ENGINEERS CREATE ROOM-TEMPERATURE MULTIFERROIC MATERIAL

multiferroic-blue-lutetiumThe magnetoelectric multiferroic. The double strand of purple represents the extra layer of iron oxide, which makes the material a multiferroic at near room temperature. Source: University of California

Multiferroics – materials that exhibit both magnetic and electric order – are of interest for next-generation computing but difficult to create because the conditions conducive to each of those states are usually mutually exclusive. And in most multiferroics found to date, their respective properties emerge only at extremely low temperatures.

Researchers from University of California, Berkeley, have combined two non-multiferroic materials, using the best attributes of both to create a new room-temperature multiferroic.

Their paper, “Atomically engineered ferroic layers yield a room-temperature magnetoelectric multiferroic,” was published along with a companion News & Views piece in Nature.

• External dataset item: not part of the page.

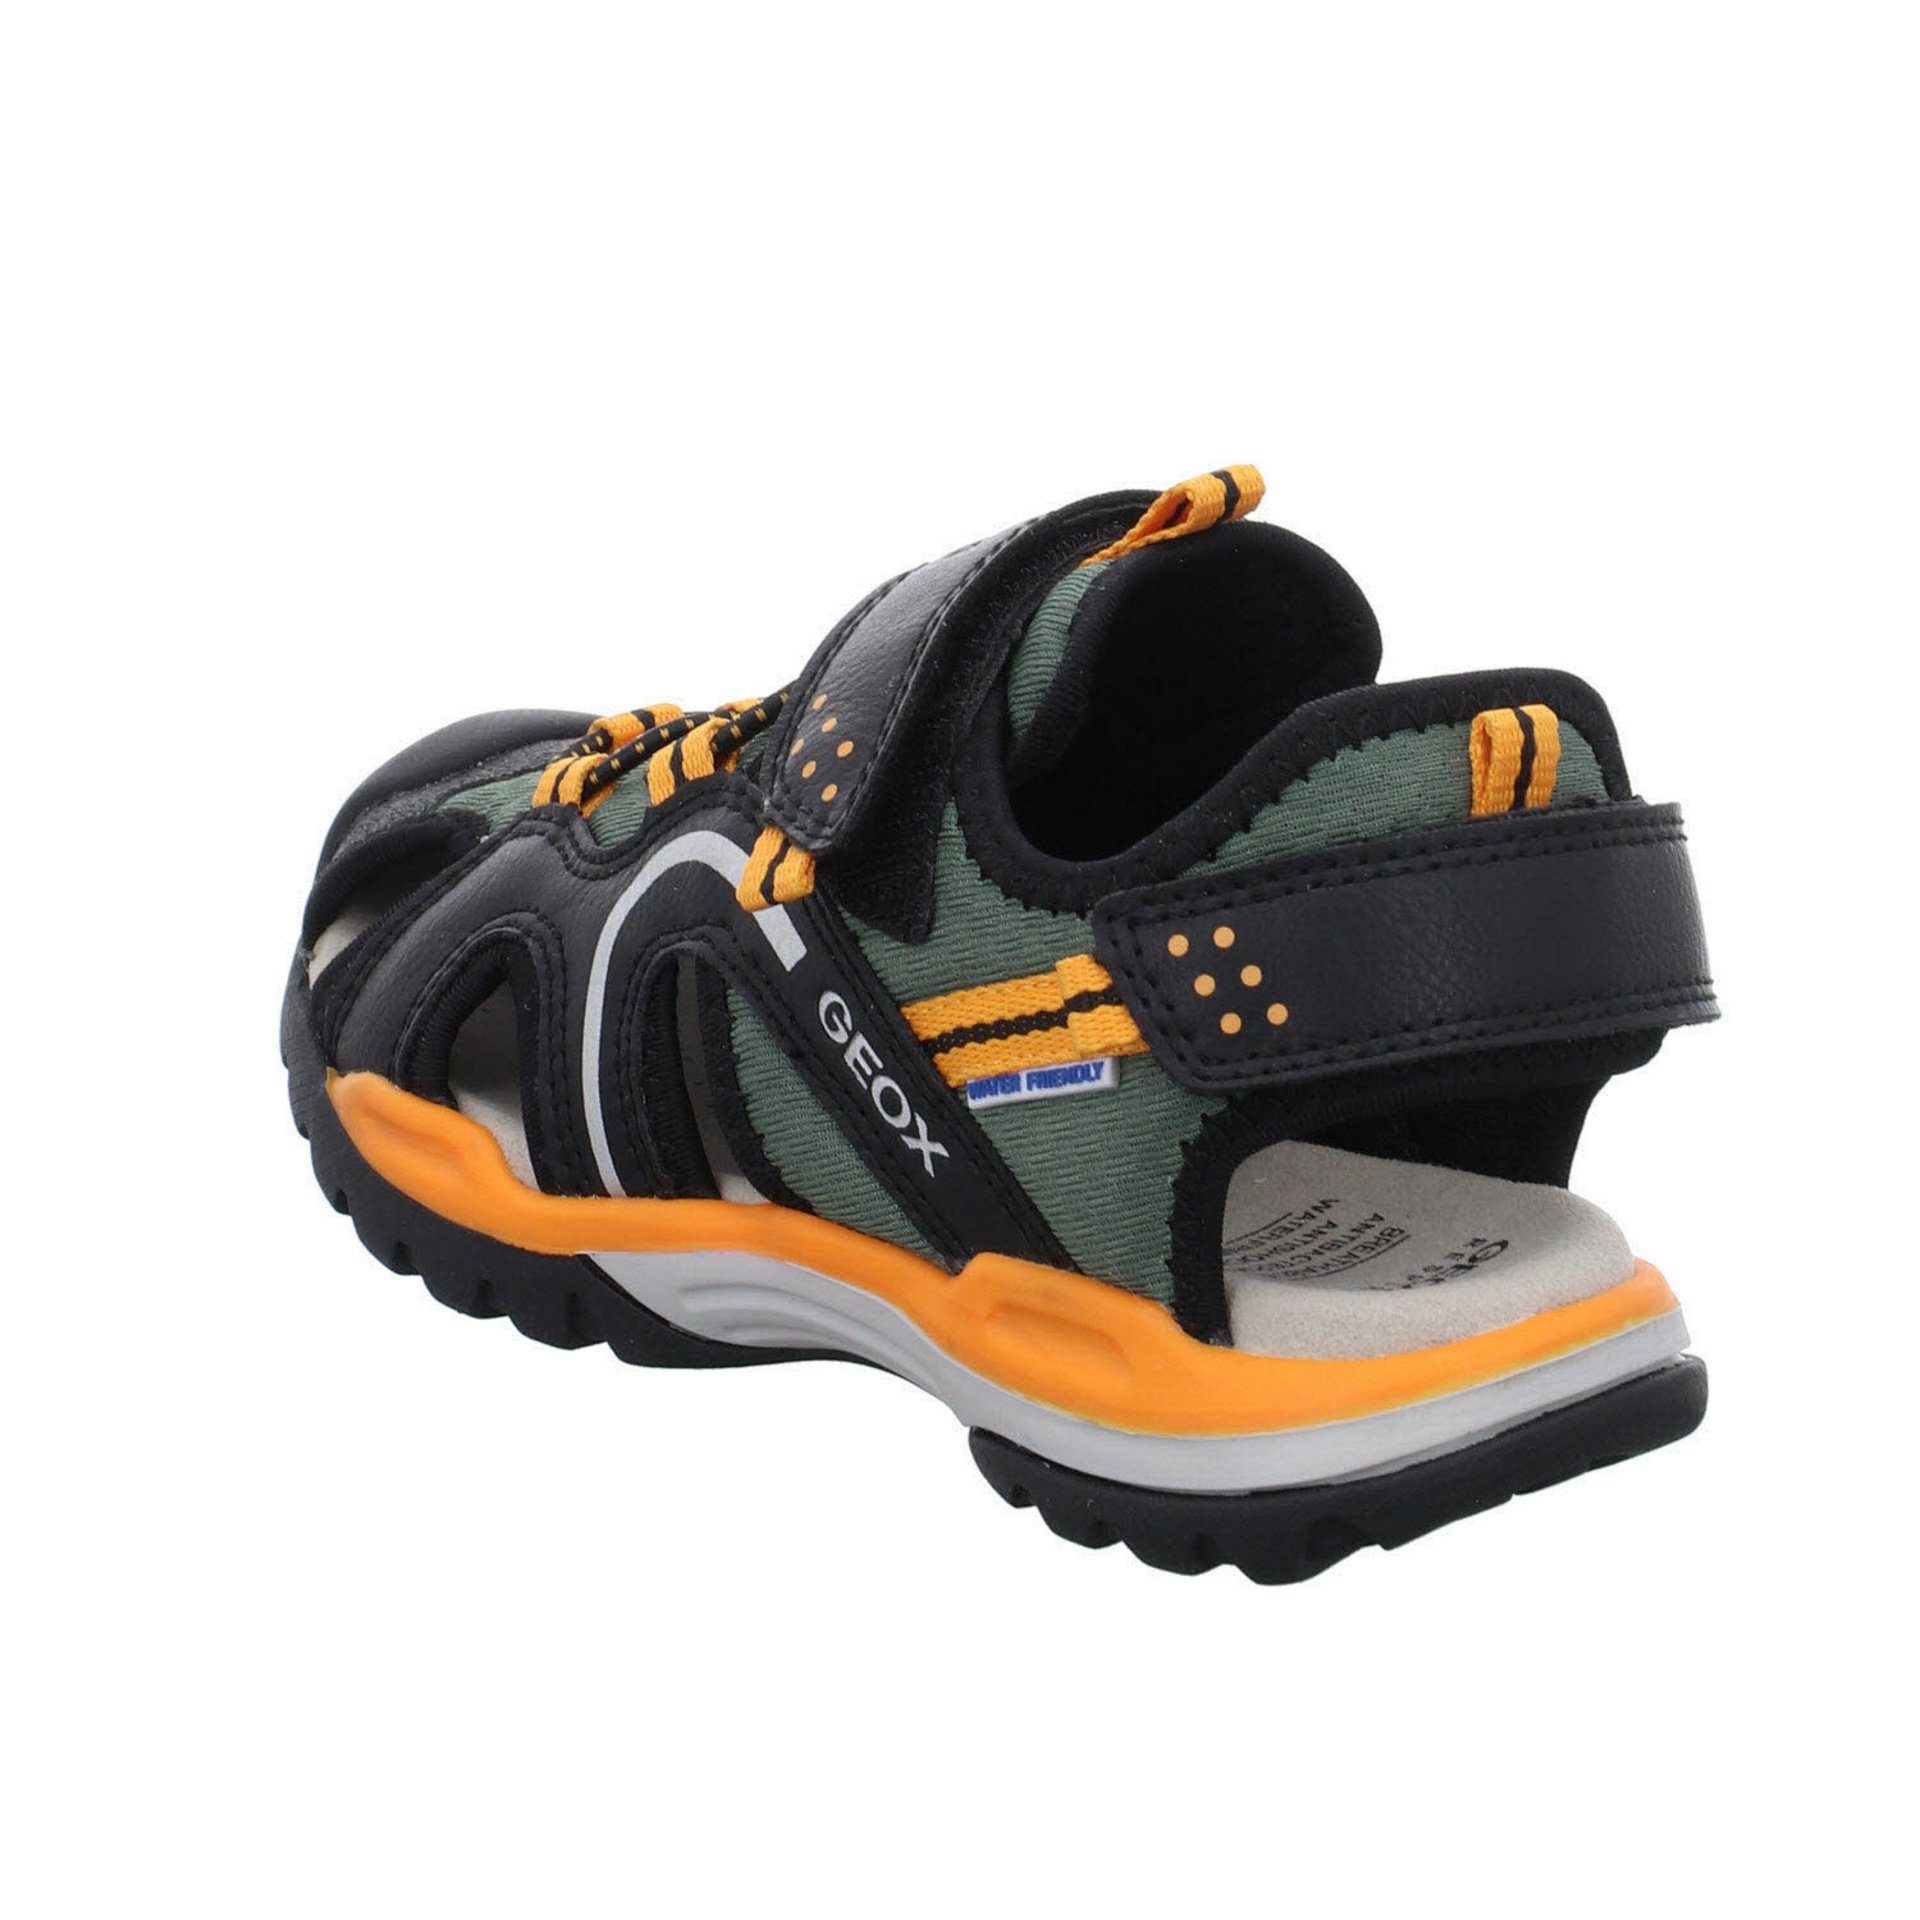 Schuhe Borealis Sandalen Schwarz Sandale Orange Outdoorsandale Geox Synthetikkombination Jungen

The group engineered thin films of hexagonal lutetium iron oxide (LuFeO3), a material known to be a robust ferroelectric but not strongly magnetic. The LuFeO3 consists of alternating single monolayers of lutetium oxide and iron oxide, and differs from a strong ferrimagnetic oxide (LuFe2O4), which consists of alternating monolayers of lutetium oxide with double monolayers of iron oxide.

The researchers found, however, that they could combine these two materials at the atomic-scale to create a new compound that was not only multiferroic but had better properties that either of the individual constituents. In particular, they found they need to add just one extra monolayer of iron oxide to every 10 atomic repeats of the LuFeO3 to dramatically change the properties of the system.

That precision engineering was done via molecular-beam epitaxy (MBE), a technique that let the researchers design and assemble the two different materials in layers, a single atom at a time.

In electronics devices, the advantages of multiferroics include their reversible polarization in response to low-power electric fields – as opposed to heat-generating and power-sapping electrical currents – and their ability to hold their polarized state without the need for continuous power. High-performance memory chips make use of ferroelectric or ferromagnetic materials.